Wondering whether this is just me, I am a very calm, cool, kind and not overly confident. Could this just be me? If not how do I cope with people like this? She is very much trying to run the show and the manager clearly doesn't care. I need to be confident for my role, which I am but not to the level of this person.

Anyone else dealt with similar or perhaps it's just personal to me!

OP posts:
boomoohoo · 11/09/2023 19:44

What is LD and sw you are referring to? Wondering what industry you're in.

But it's not unusual, or just you, no. Plenty of arrogance and rudeness around in the workplace. Usually covering crippling insecurity and low self esteem, but doesn't mean its not annoying to deal with

supertiredallthetime · 11/09/2023 19:45

I worked in a similar role with two 20yo and found it impossible. No life experience but full of the arrogance.
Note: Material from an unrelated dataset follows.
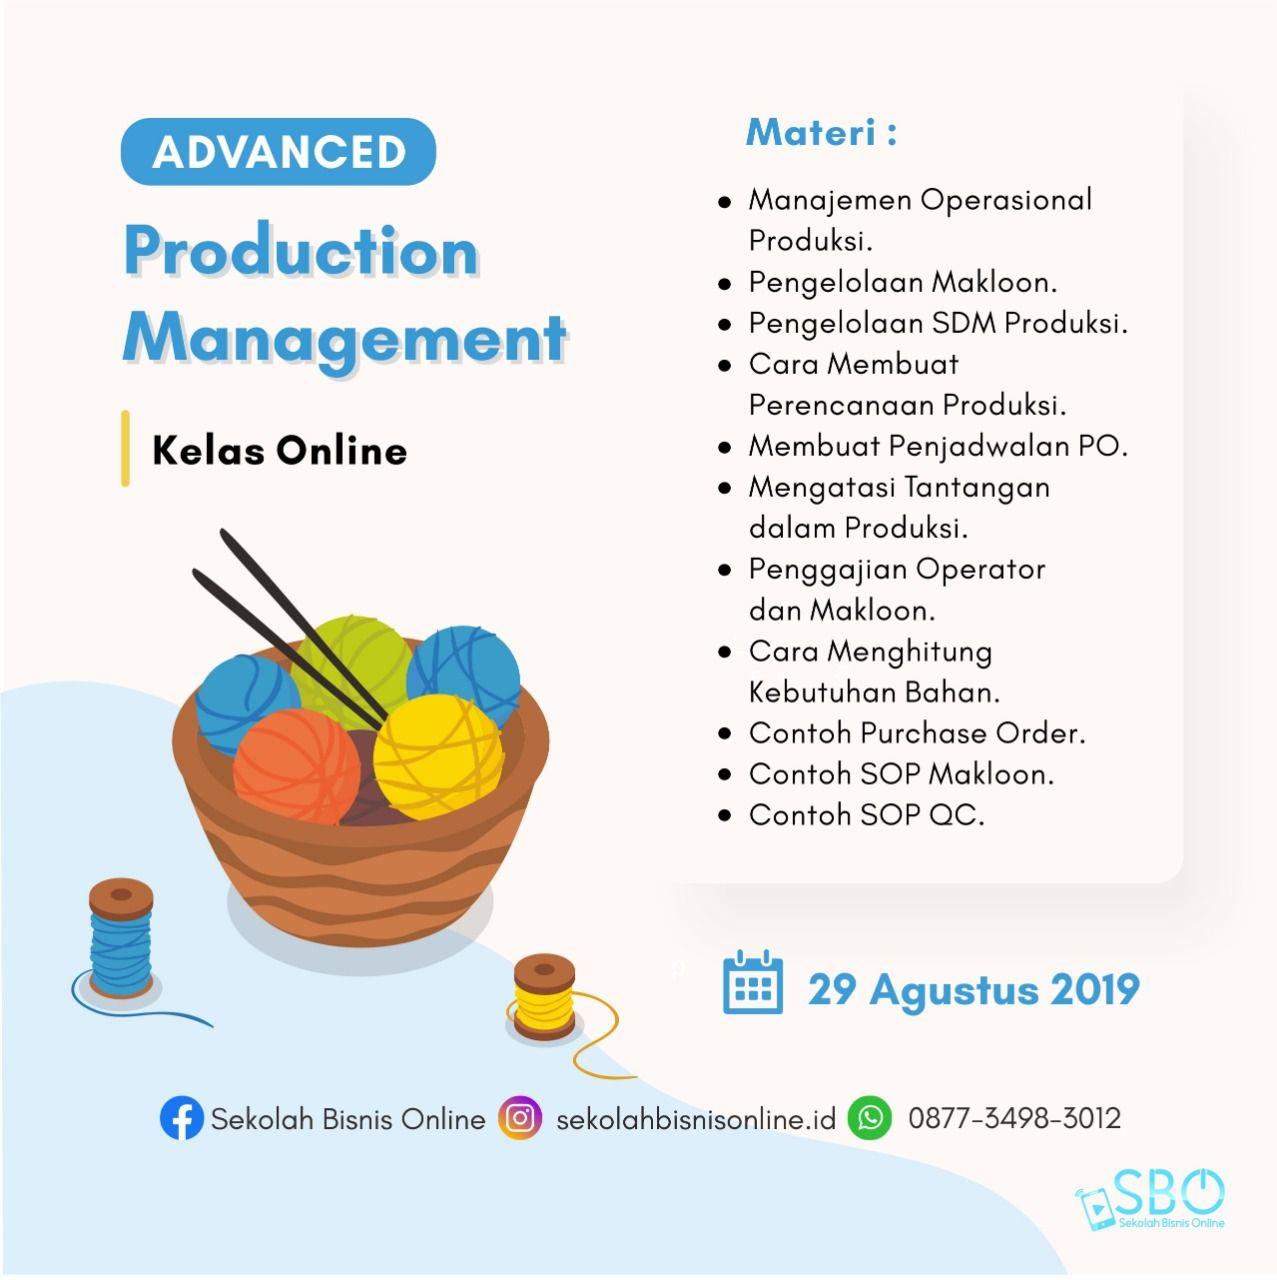 Manajemen Produksi Media Manajemen Produksi Adalah Manajemen Pemasaran Produksi Massal Production Management System Production Management P Messages Online

Also quite work shy.

I moved on somewhere I wasn't being paid the same - with my years of experience- with the lazy know it alls.

I genuinely believe jobs like this needs life experience!

Victoriaplum1 · 11/09/2023 19:53

Thanks. Sorry, LD is learning disability and SW is support worker.

@supertiredallthetime I'm sorry you're experienced the same. Its a new role, although not planning on staying forever. I absolutely agree any kind of role like this needs the calmness, kindness and life experience. Of course the confidence and arrogance may come into its own when having to discuss situations with medics. Any tips appreciated, I need this role to get my experience back and learn how to deal with these people!

OP posts:
nerdandgeek · 13/09/2023 11:09

Having loved my ten years as a LD support work I left it behind two months ago to work within social care but a different area. Working by myself half at home half on visits with my caseload and working Monday to Friday.
I loved the work but I was tired of low morale within the industry (include myself), I was tired of working with difficult colleagues- some very good some very negative and some arrogant.
It's only now I realise how stressed it made me that combined with low hours.
My advice to you is smile, plough through it but if it's making you unhappy move jobs. It isn't worth it

AnSolas · 13/09/2023 11:22

You can smile and tell her "thank you for the help/ suggestion, I speak to our manager if I need extra work or support" or a variation of that.

Bromptotoo · 13/09/2023 12:05

Do you both report to the same manager?

If so I'd raise it with them, informally at first instance.

If she's fresh out of Uni and new to the world of work she may need some 'guidance'. I did at that age...

MrsDanversGlidesAgain · 13/09/2023 12:14

She's 20, fresh out of uni and knows everything. I was the same in my first few years at work. The bigger issue is that your manager doesn't appear to care and won't do anything.

I'd be moving on. Or you could wait for her to trip and fall flat on her face nd learn some humility but that might take a long time.